◆ Task instructions: Please reproduce all of the listing below exactly and drop its images.

◆ Raw data:

○ ○ ○ ○

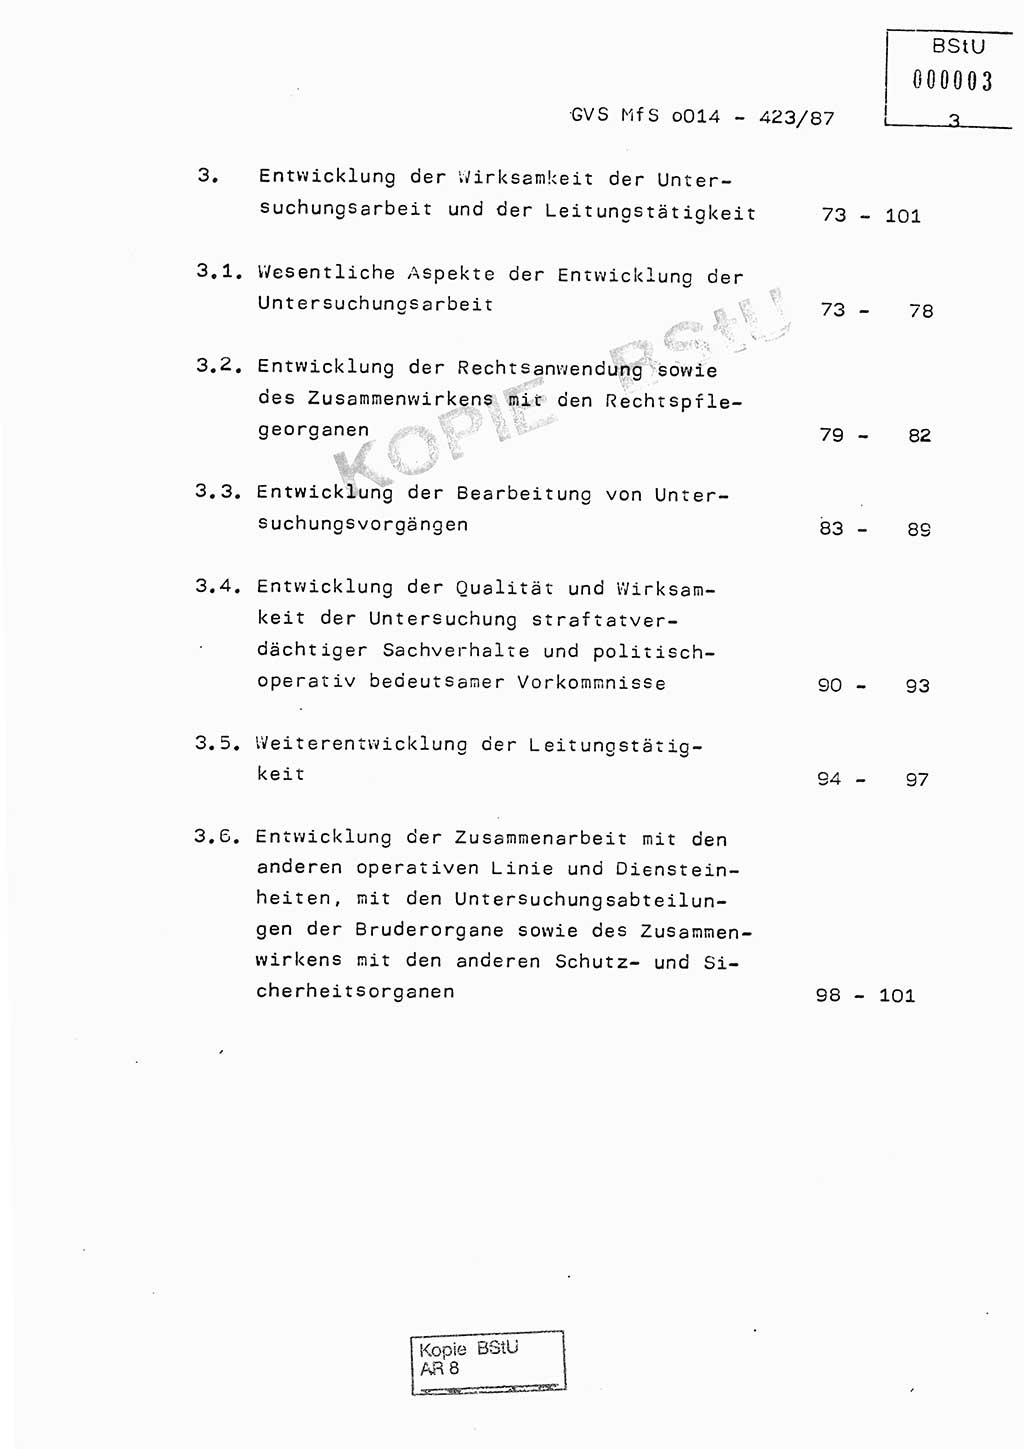 Jahresbericht der Hauptabteilung (HA) Ⅸ 1986, Einschätzung der Wirksamkeit der Untersuchungsarbeit im Jahre 1986, Ministerium für Staatssicherheit (MfS) der Deutschen Demokratischen Republik (DDR), Hauptabteilung Ⅸ, Geheime Verschlußsache (GVS) o014-423/87, Berlin 1987, Seite 3 (Einsch. MfS DDR HA Ⅸ GVS o014-423/87 1986, S. 3)
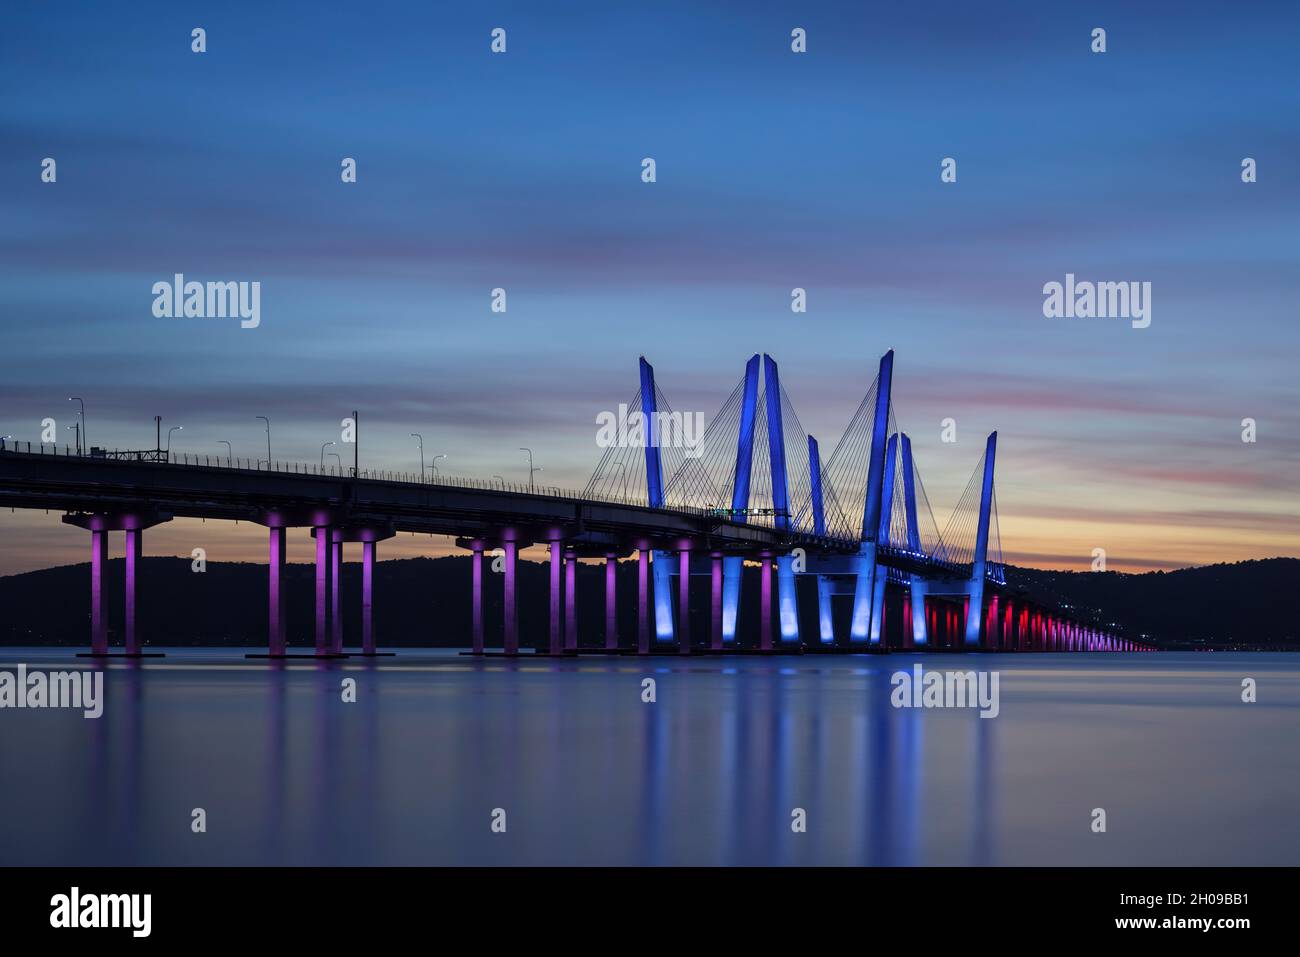 El Puente del Gobernador Mario M. Cuomo, iluminado en rojo, blanco y azul en reconocimiento al Día de Colón, abarca el río Hudson justo después de la puesta del sol. Foto de stock
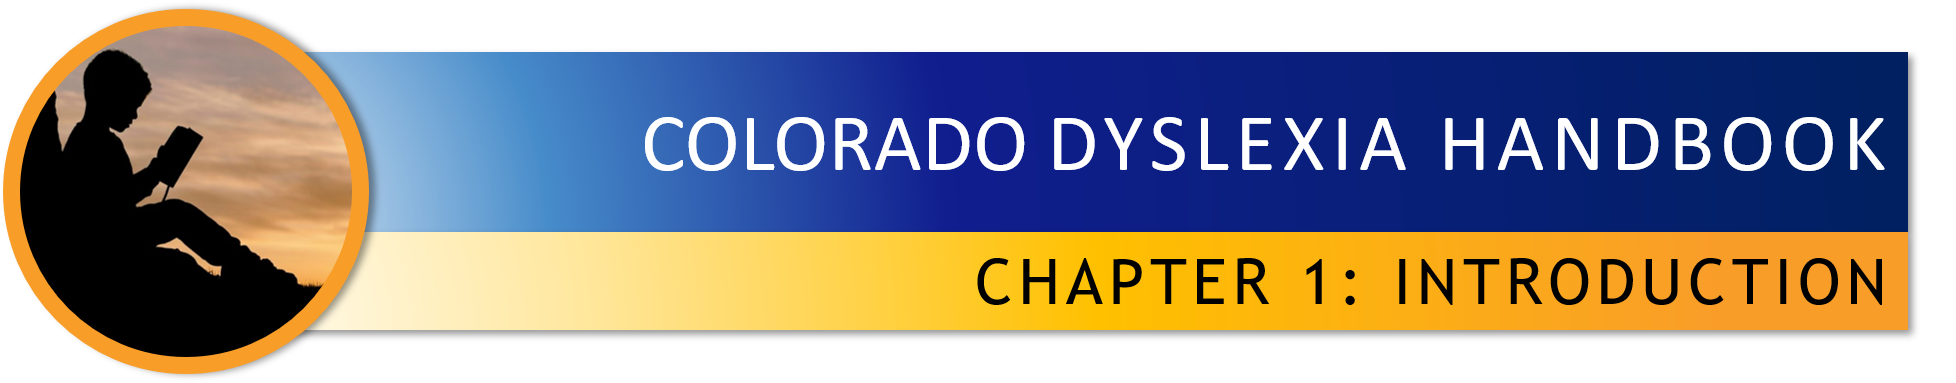 Colorado Dyslexia Handbook - Chapter 1 Introduction
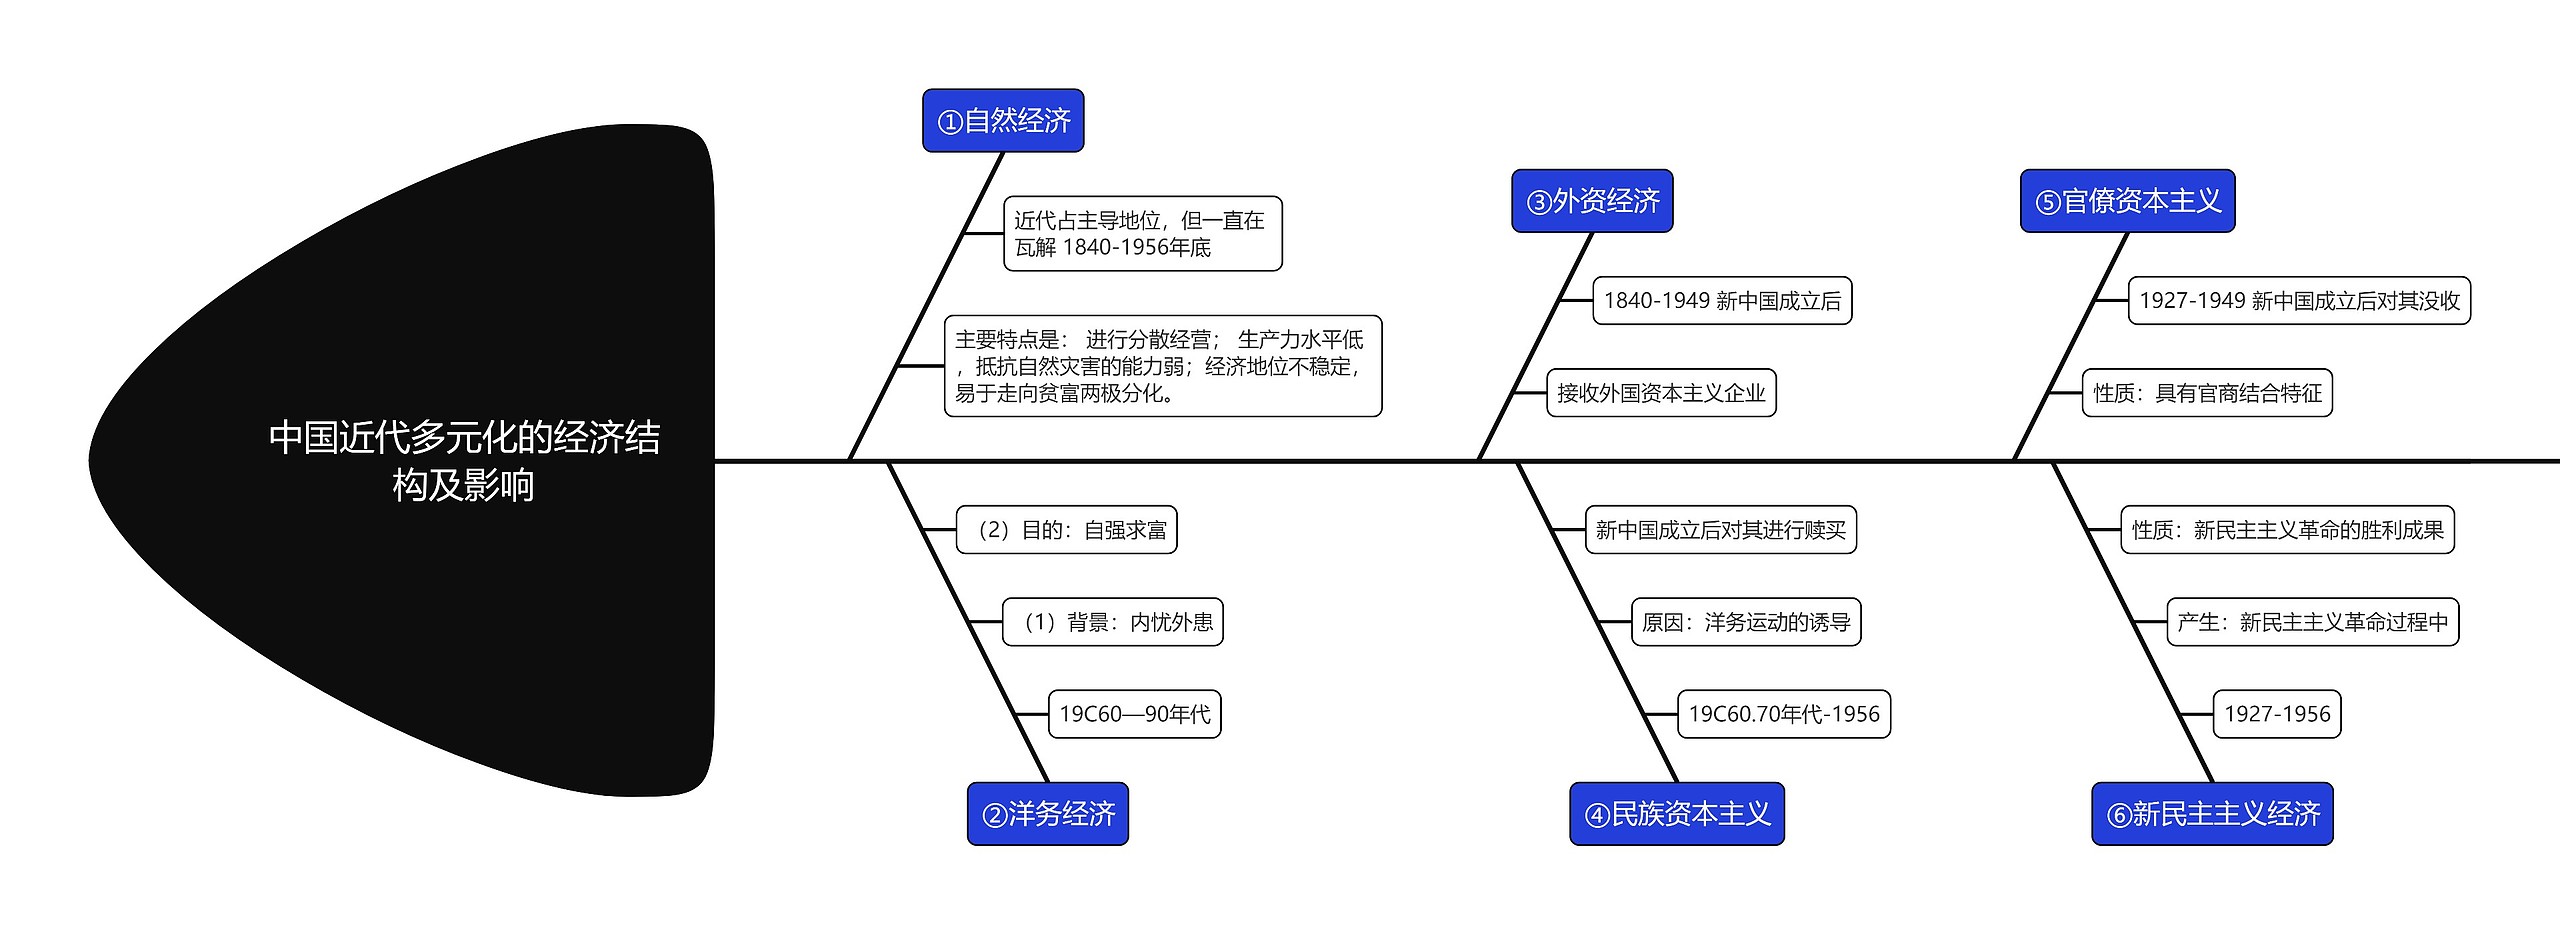 初中历史中国近代多元化的经济结构及影响鱼骨图思维导图

○ ○ ○ ○

◆ Solution below:
 Jahresbericht der Hauptabteilung (HA) Ⅸ 1986, Einschätzung der Wirksamkeit der Untersuchungsarbeit im Jahre 1986, Ministerium für Staatssicherheit (MfS) der Deutschen Demokratischen Republik (DDR), Hauptabteilung Ⅸ, Geheime Verschlußsache (GVS) o014-423/87, Berlin 1987, Seite 3 (Einsch. MfS DDR HA Ⅸ GVS o014-423/87 1986, S. 3)
 El Puente del Gobernador Mario M. Cuomo, iluminado en rojo, blanco y azul en reconocimiento al Día de Colón, abarca el río Hudson justo después de la puesta del sol. Foto de stock
 Colorado Dyslexia Handbook - Chapter 1 Introduction
 初中历史中国近代多元化的经济结构及影响鱼骨图思维导图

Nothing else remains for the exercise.